### What you are asked to do
Without its pictures, the listing below is to be transcribed exactly.

### Data extract
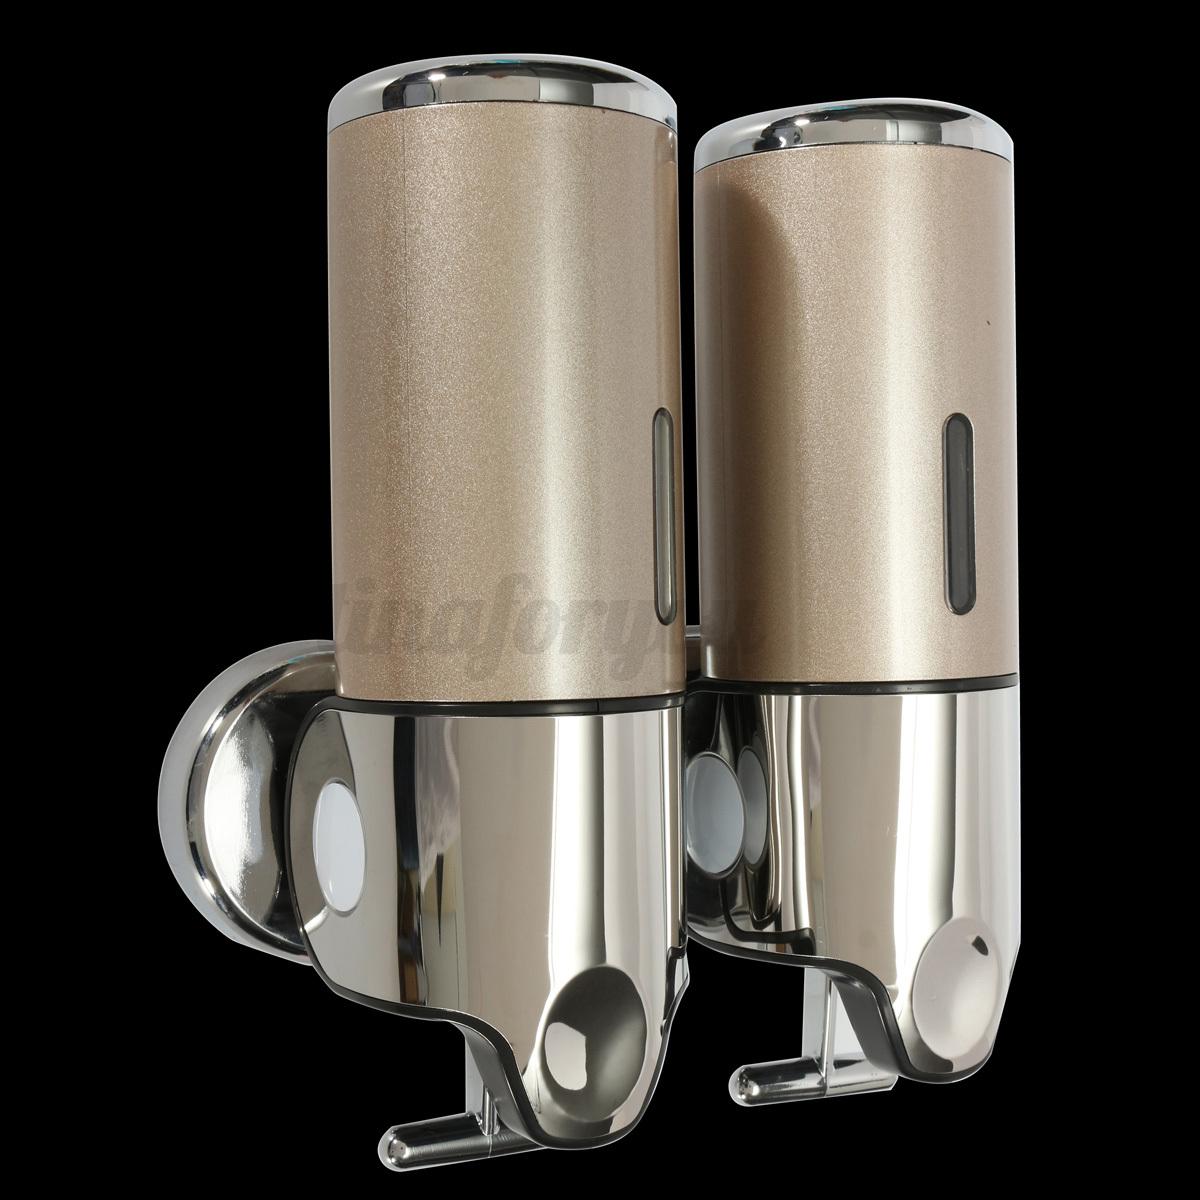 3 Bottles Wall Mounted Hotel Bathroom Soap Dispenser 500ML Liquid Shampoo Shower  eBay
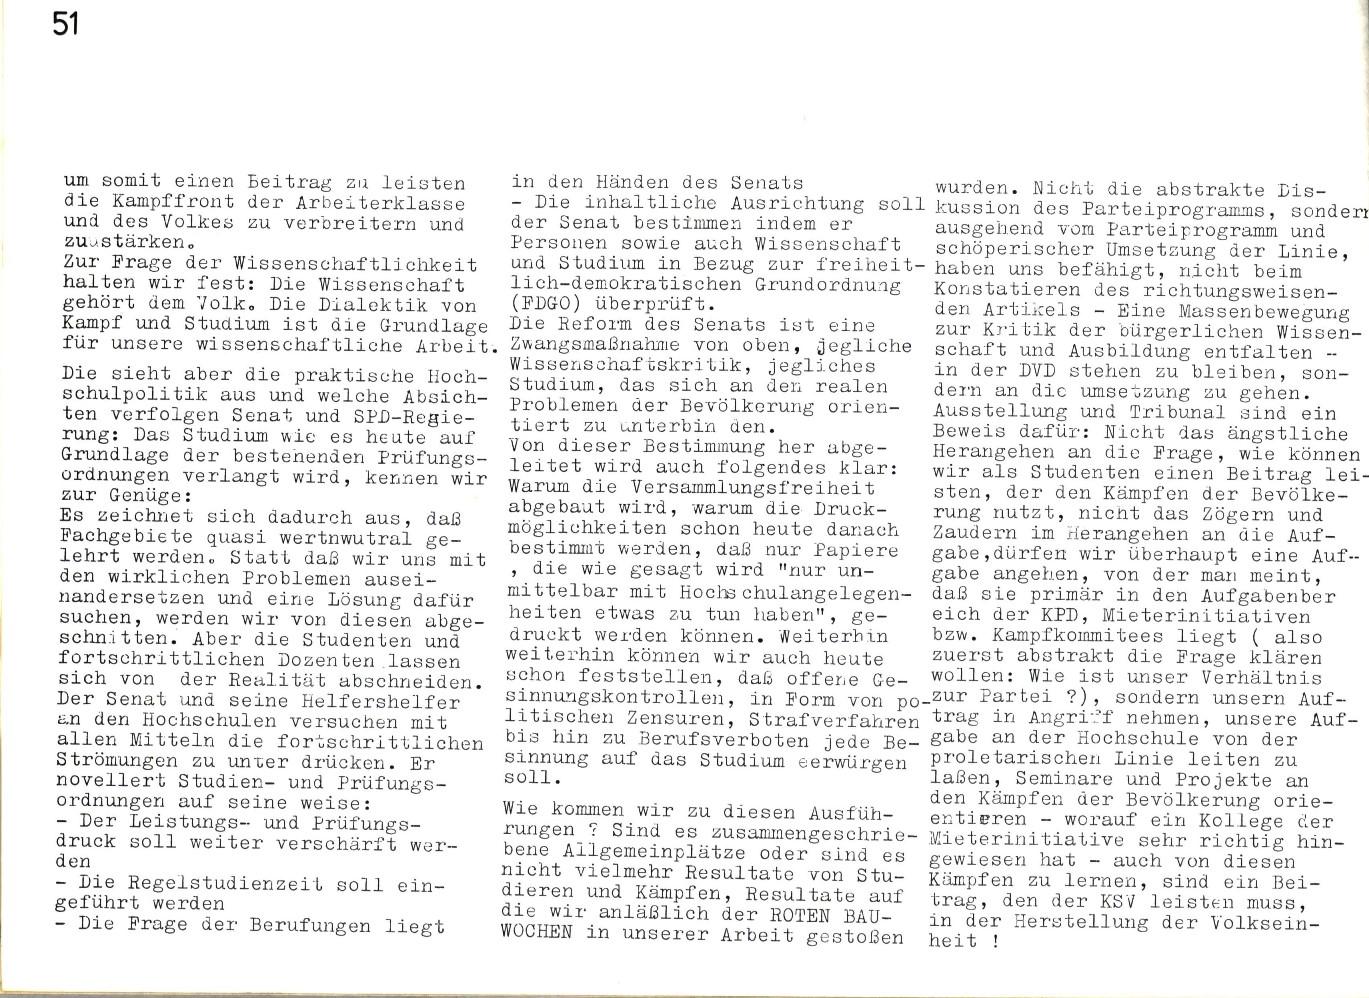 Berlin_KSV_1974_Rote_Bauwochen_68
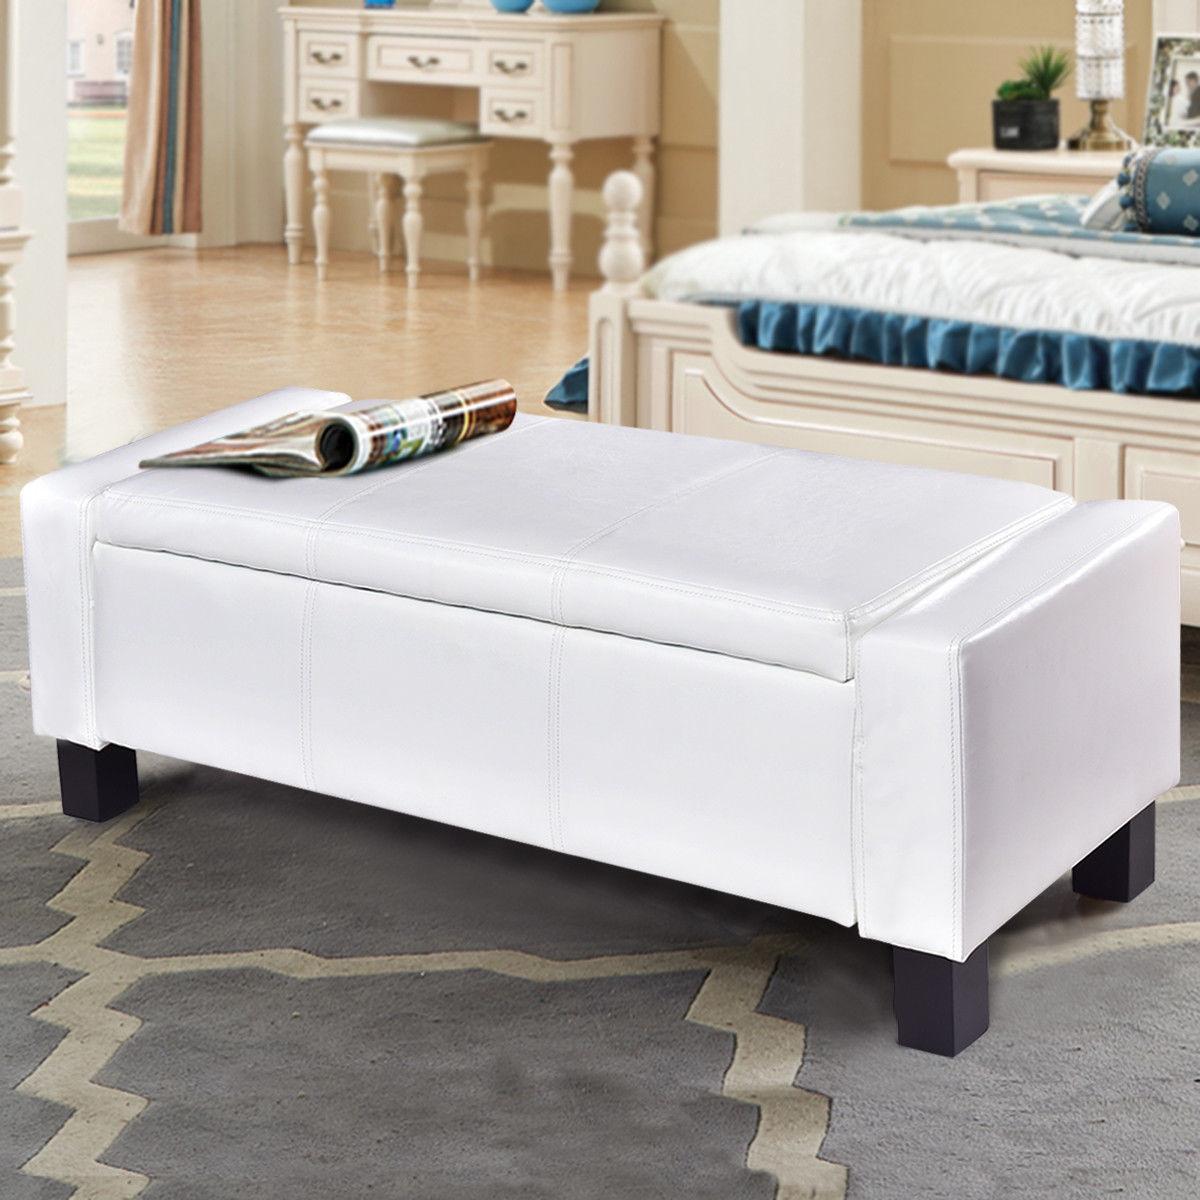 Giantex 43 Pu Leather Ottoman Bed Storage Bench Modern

### Task solution
 3 Bottles Wall Mounted Hotel Bathroom Soap Dispenser 500ML Liquid Shampoo Shower  eBay
 Berlin_KSV_1974_Rote_Bauwochen_68
 Giantex 43 Pu Leather Ottoman Bed Storage Bench Modern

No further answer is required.